A friendly blog where feminists and their male allies can come together and discuss methods, tactics, and strategies for use in toppling White Supremacist Capitalist Patriarchy.

8.25.2006

Another Rambling Post

I realize that like, a month ago or something I said I'd have a blog up in a few days to address this whole Pornstitution Wars mess that's been going on. What happened with that was that I started gathering up resources, started initial writing, and I haven't finished it yet. So it goes.

But I did want to put a few words out there, seeing as how every day I run through the radfem blogosphere and see more and more defensive reactions to these very important questions that are bursting towards the surface- more and more women splintered and split up over what it "is" to be feminist, what they percieve they can and cannot do if they identify as such. I have gone through my own twelve stations, and continue to run the gauntlet, to be at the place where I am, politically speaking; and so, I feel highly distressed when I hear women saying that they'll retrace their steps and refuse to identify with us, with radfems, due to what they are reading here.

This tells me that our movement has eroded far more than we might have realized. We have a blogring, a pretty good one here. But I know that I and other women constantly look for MORE. I see projects started against street harassment, I see places like women's shelters and rape crisis centers where women can go to get help or can volunteer or apply for employment. I see several ways that I or other women could plug into the "pro-choice" movement as activists and volunteers, as well. I see a lot of opportunities for activism that involve hard work and deal with socially salving some very, very deep wounds that come from living under patriarchy. I see women's activism as being constantly in a defensive context- how to keep the patriarchy from hurting us, to nutshell a bit, or how to undo the damage that the patriarchy is causing in our lives.

What I am not seeing is a program, an OFFENSIVE, and I think this speaks to the actual power that we are holding, as a class of human beings. The program, thus far, has not put us into a cultural sphere powerful enough to launch an offensive attack on the system that keeps us in the subhuman category.

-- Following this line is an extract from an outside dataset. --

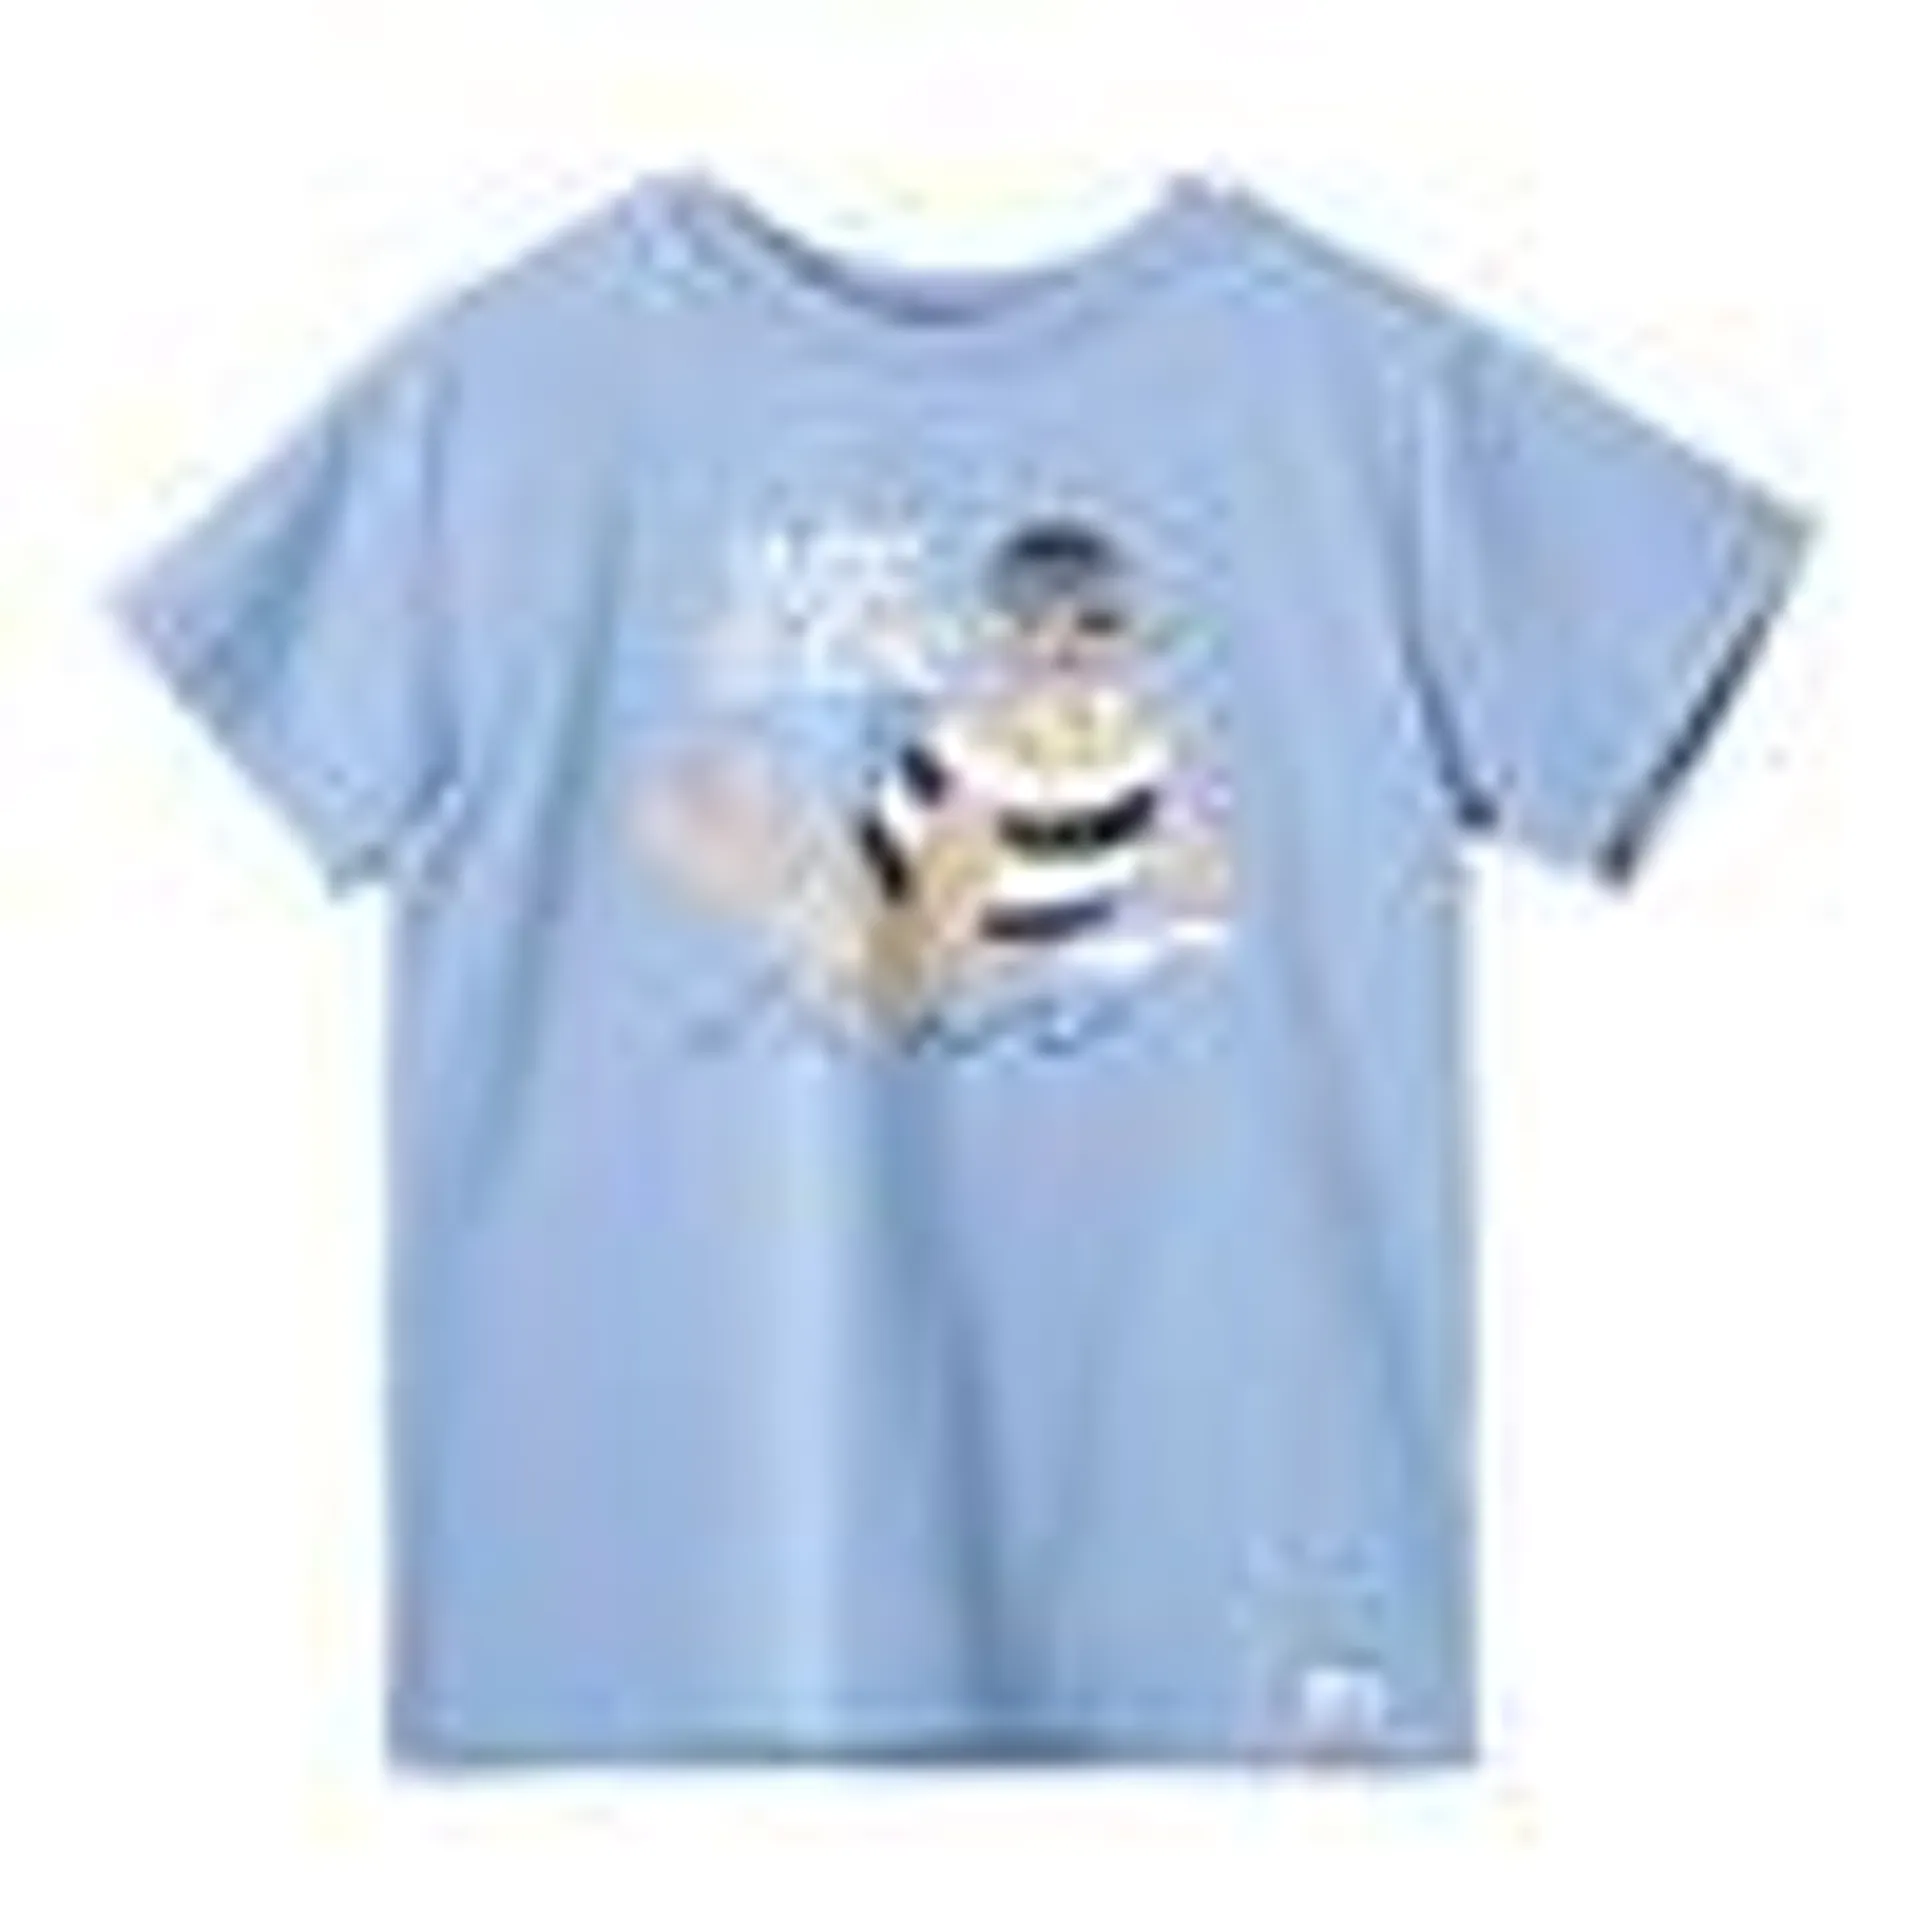 Camiseta manga corta Juan azul claro para bebé niño

While it's true that some women in specific geographic global regions have attained a measure of relative privilege that allows them more "freedom" than other women and other people as a whole, as WOMEN they still live under the auspices of male supremacy; their lives might be more comfortable, they might not have to worry about when they'll get their next meal. They might have killer health insurance and advanced degrees in all sorts of esoteric academic fields. But they still are women who can be and are raped and abused, they still, for the most part have to look right and act right in order to keep what they have. Acting right and looking right in Gringolandia means acting and looking, and also talking and believing, in what the Man defines as "right."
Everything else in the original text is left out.